In short, integration was at root a response to balance of power considerations. The decision to surrender sovereignty and establish a centrally governed coalition was driven by fear of the overwhelming power of the Soviet Union. No group of European states had faced such a mighty adversary since the advent of the nation-state system. Even as they came together in this unprecedented way, however, the French and the West Germans eyed one another warily and worried about the distribution of power within the coalition. It was this concern that led them to conclude that they had to share control of the group: to integrate and establish a community. Integration was the only formula that could conceivably maintain the existing, relatively even, balance of power between them.
Major Events
This kind of reasoning played out twice in the 1950s and in doing so established the core of todays EC. The European Coal and Steel Community (ECSC) was clearly the product of balance of power considerations. The French proposed the heavy-industry pool on May 9, 1950, believing that a centrally governed and jointly managed community of this kind would simultaneously establish a bulwark against Soviet expansion and maintain an even balance of power between France and the newly established Federal Republic. The Germans shared this view. Chancellor Konrad Adenauer, for example, was convinced of the need to construct a substantial counterweight to Soviet power in the western half of the continent and understood that the most Germany could hope for was joint control of the emerging entity. Given such a coincidence of views, it was only a matter of time before the two sides ironed out the details. France, Germany, Italy, and the Benelux states (Belgium, the Netherlands, and Luxembourg) the Six signed the Treaty of Paris establishing the ECSC on April 18, 1951, and the coal and steel pool began operations on July 23, 1952.

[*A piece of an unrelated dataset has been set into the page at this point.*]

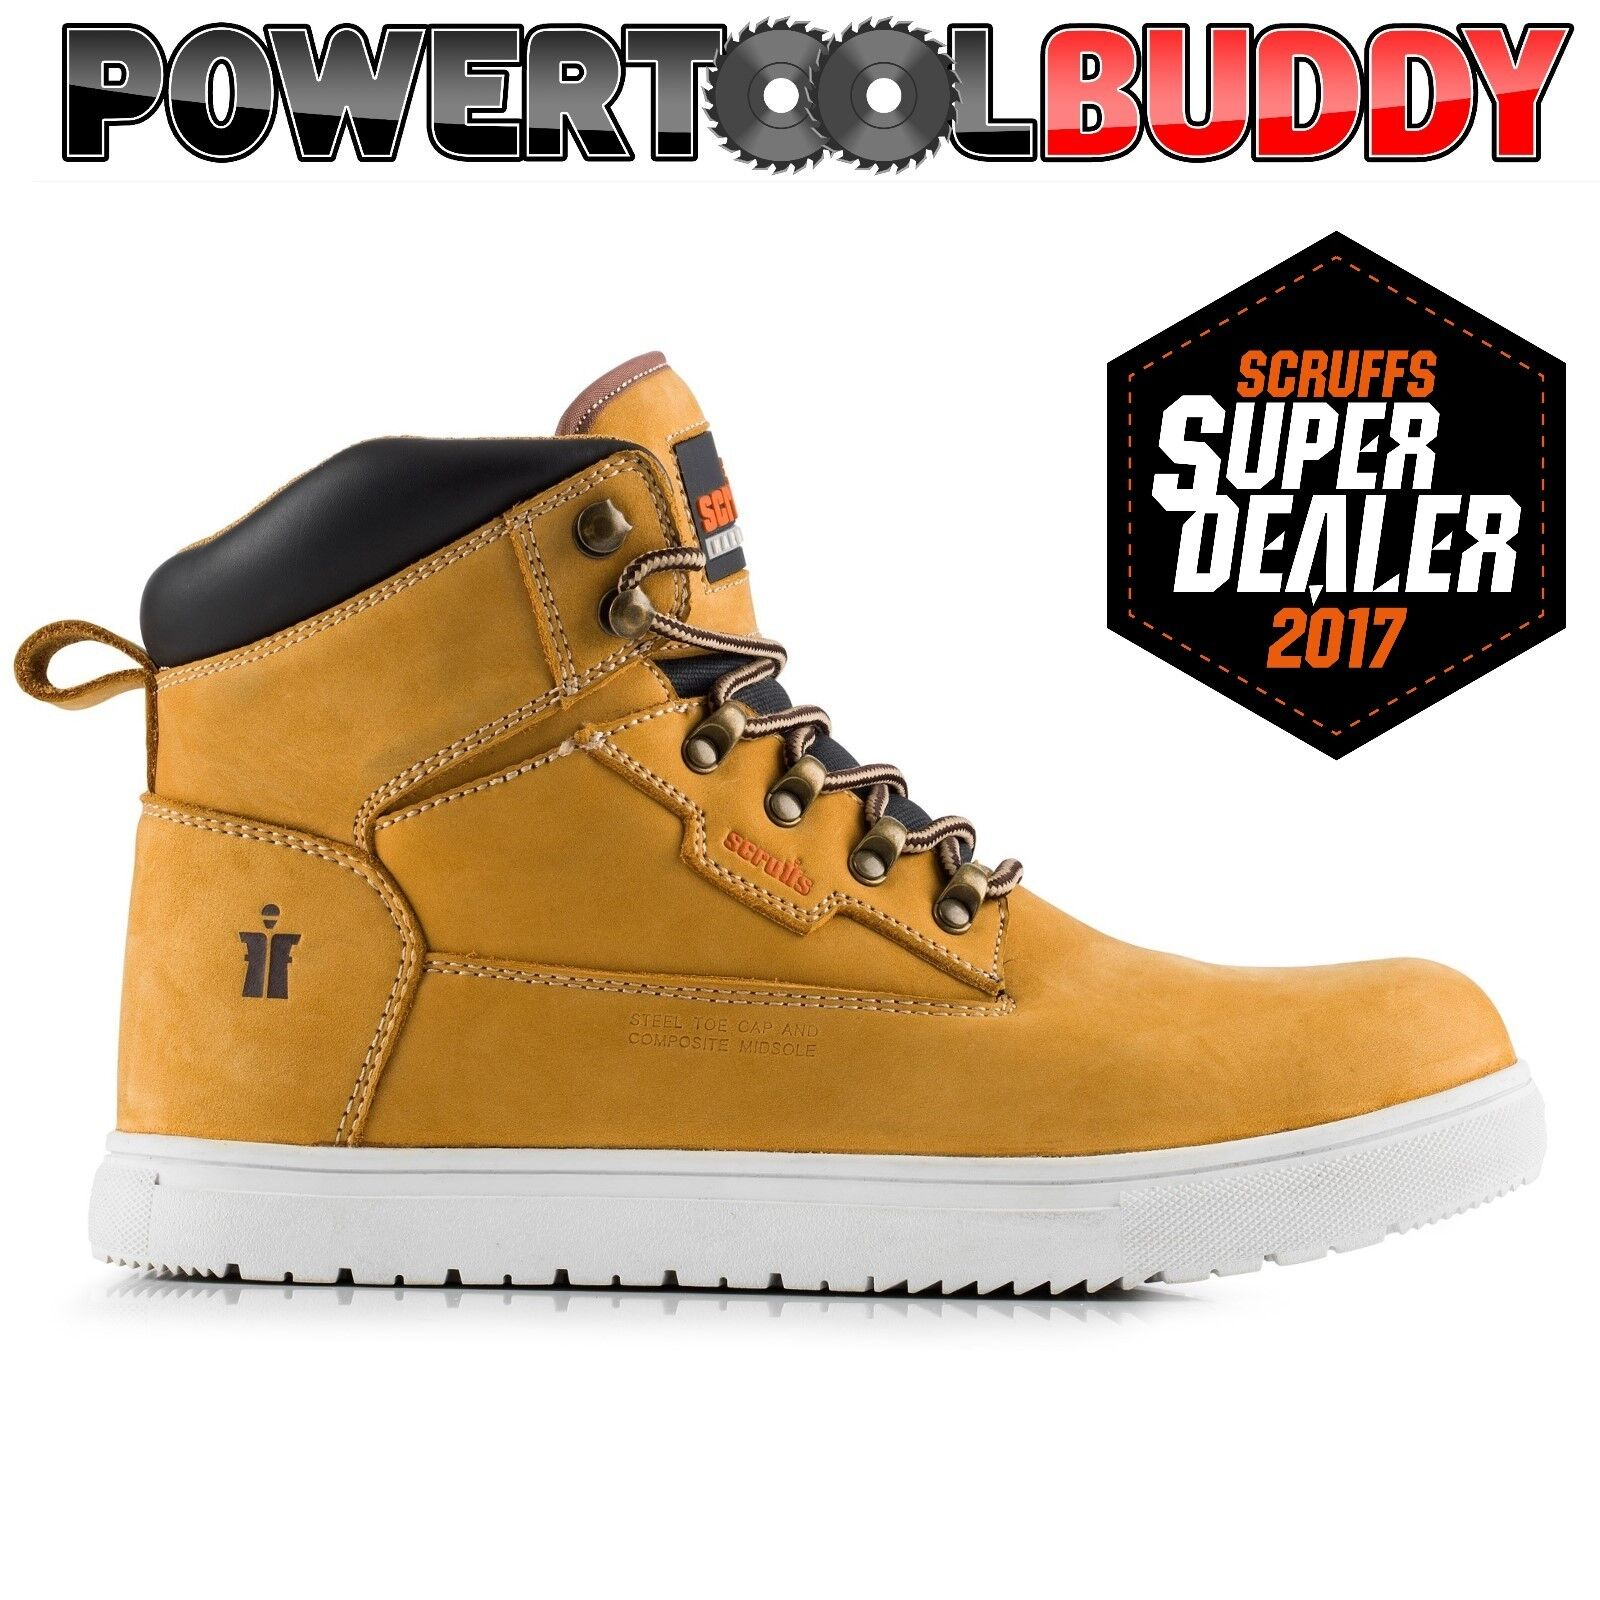 SCRUFFS TWISTER SPORT  Uomo Tan Work Site Safety Stiefel STEEL TOE CAP New Style

In the mid-1950s, the west Europeans went a step further and created the European Economic Community (EEC), again based on balance of power thinking. Although there had been talk of a full-blown economic community for some time, the process that ultimately led to the creation of the EEC began on June 3, 1955, when the Six declared their intention to establish common economic institutions, progressively fuse their national economies, and create a common market. The French and German decisions to commit to the process were based on pure balance of power calculations: a jointly controlled, regionwide economic community would produce enough power to deter Soviet aggression in the event of an American withdrawal from the continent and maintain a rough balance of power within western Europe. It took some time to negotiate the details of the agreement, but the decision had been made. On March 25, 1957, the Six signed the Treaty of Rome establishing the EEC.